- What you should do
Give back the full listing verbatim, apart from its images.

*** Opening Data segment ***

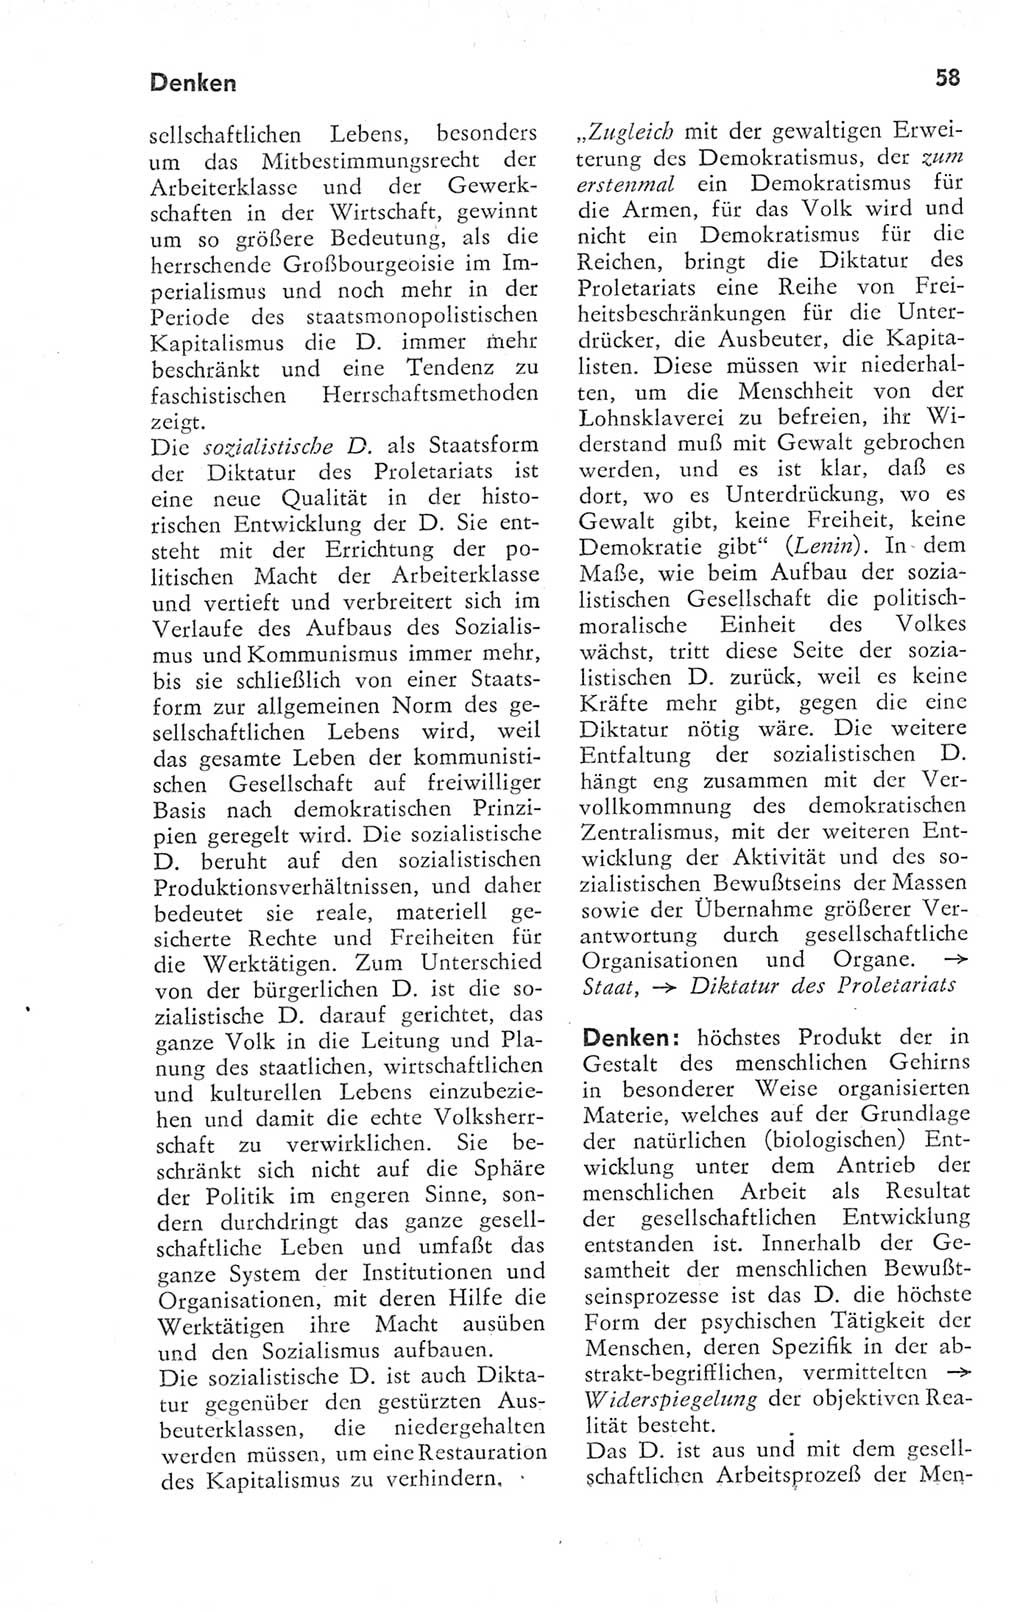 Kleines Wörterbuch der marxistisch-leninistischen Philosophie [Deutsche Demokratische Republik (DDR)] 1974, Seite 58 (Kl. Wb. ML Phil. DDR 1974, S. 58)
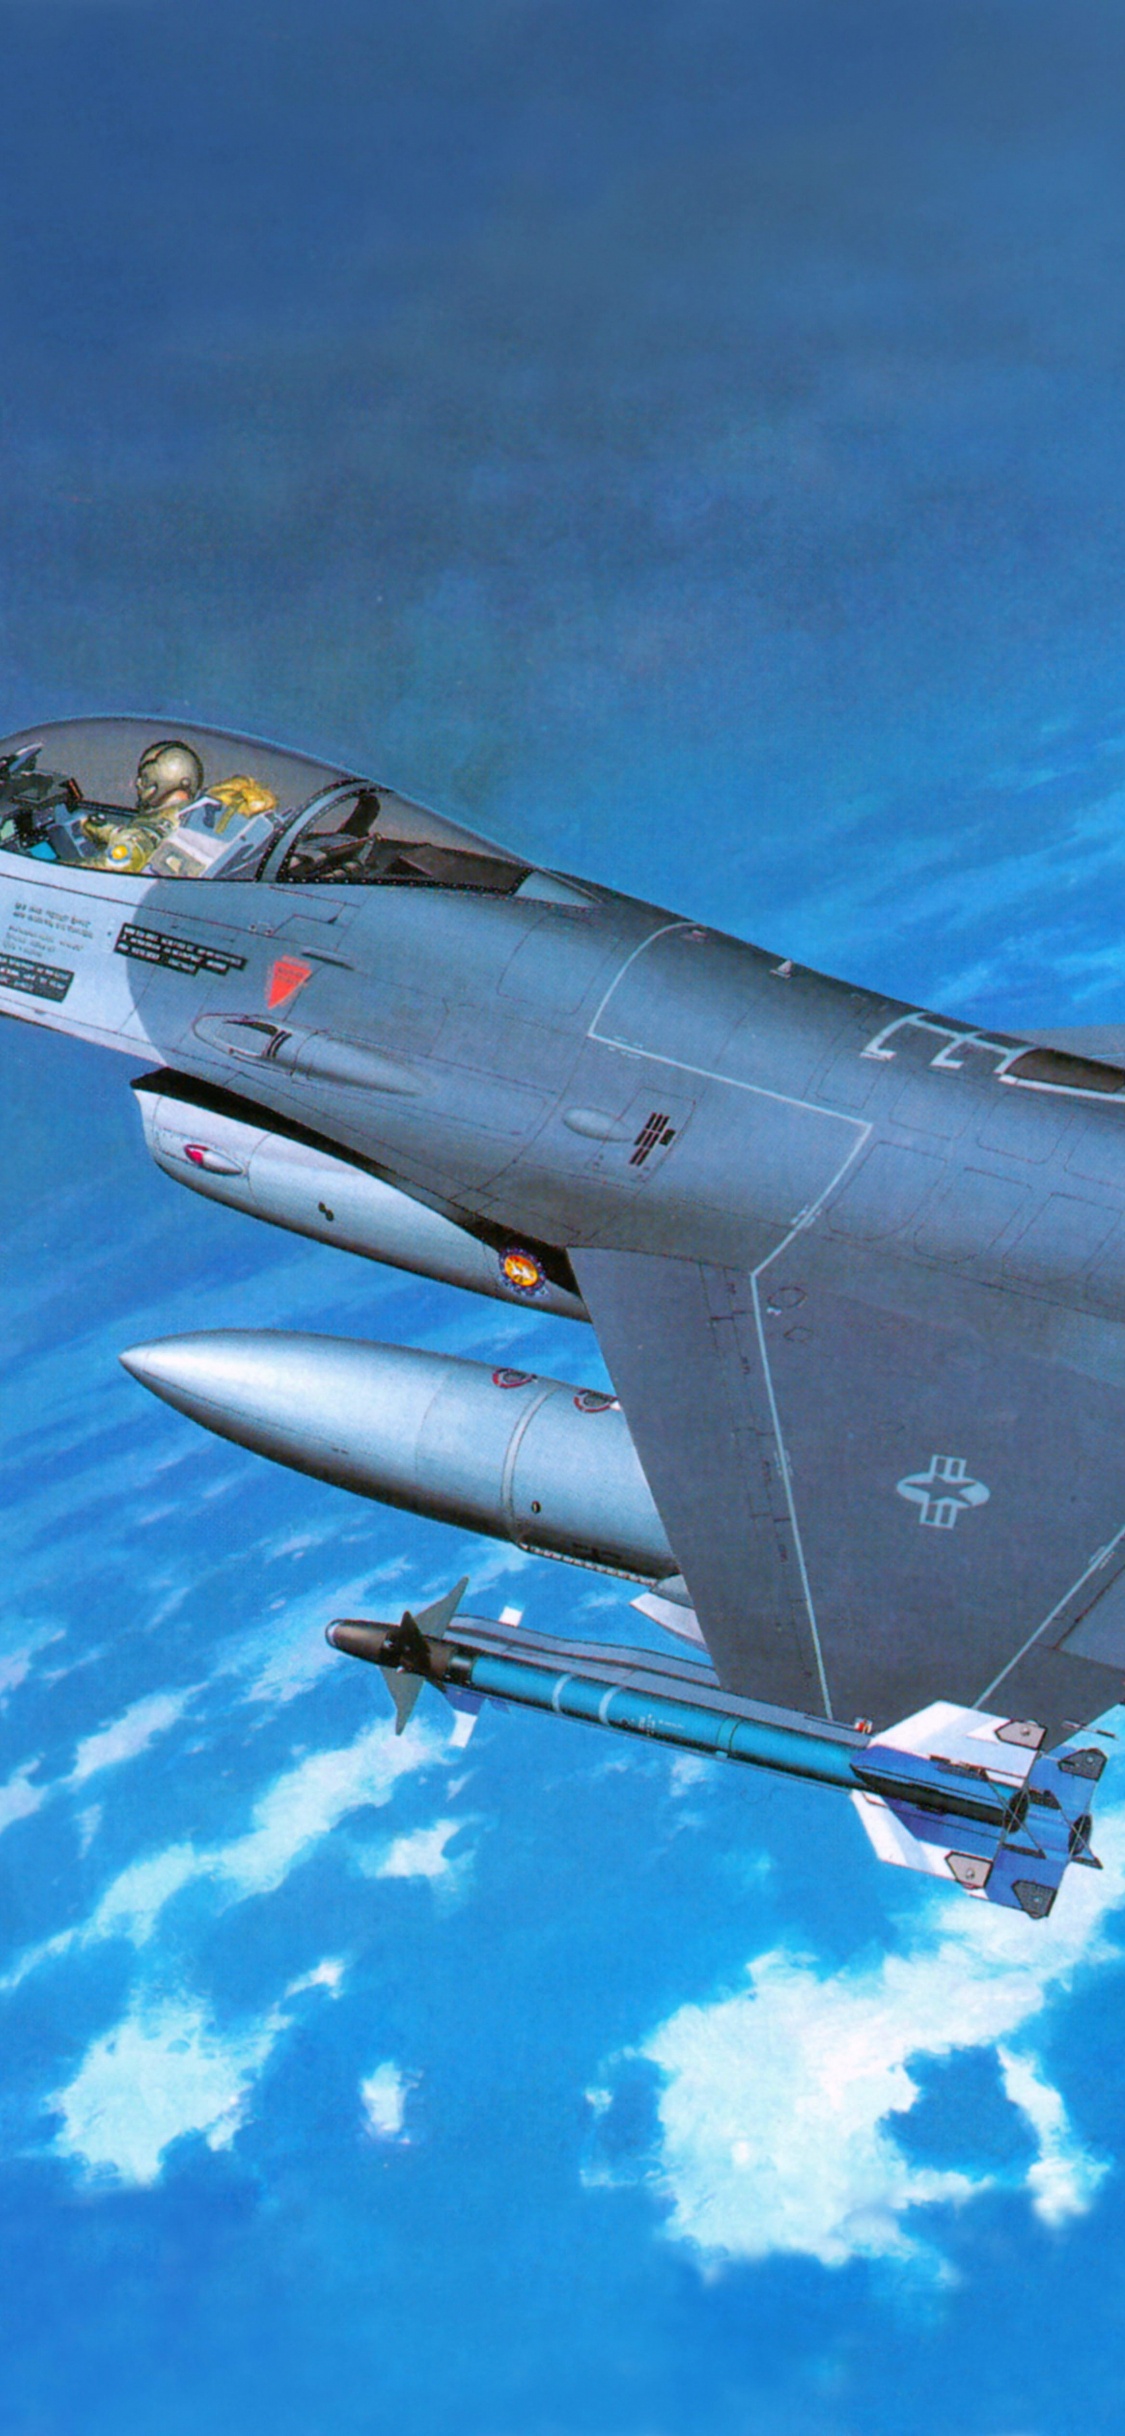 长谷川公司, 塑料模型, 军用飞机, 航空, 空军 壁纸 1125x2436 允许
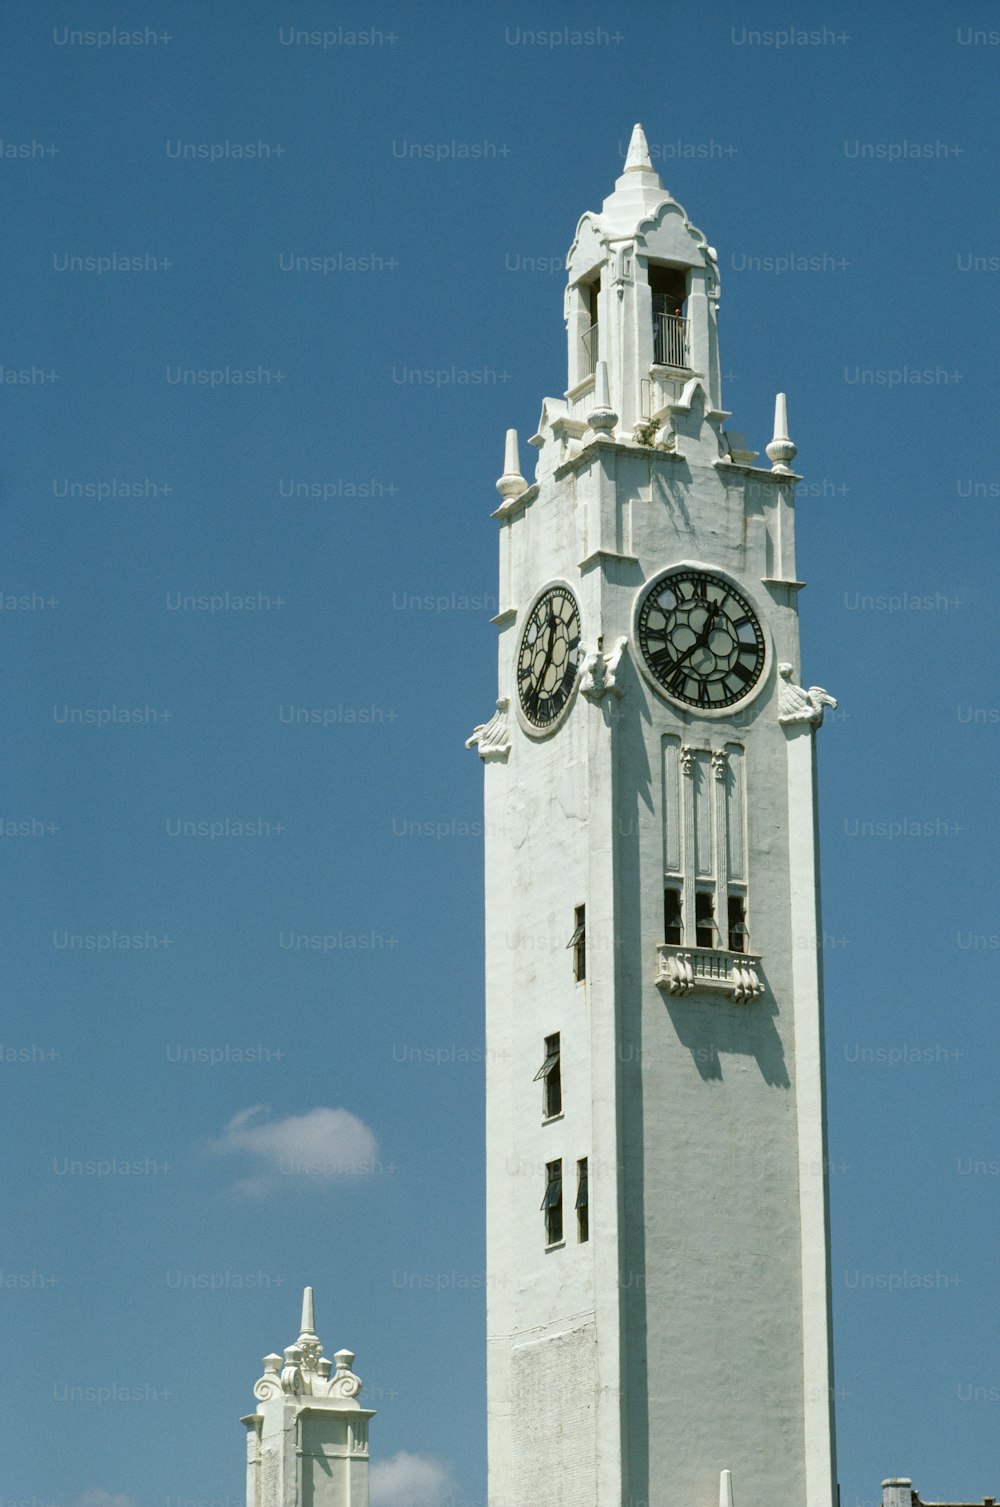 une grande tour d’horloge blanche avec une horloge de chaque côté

*** Closing Data segment ***

- Response
 Kleines Wörterbuch der marxistisch-leninistischen Philosophie [Deutsche Demokratische Republik (DDR)] 1974, Seite 58 (Kl. Wb. ML Phil. DDR 1974, S. 58)
 长谷川公司, 塑料模型, 军用飞机, 航空, 空军 壁纸 1125x2436 允许
 une grande tour d’horloge blanche avec une horloge de chaque côté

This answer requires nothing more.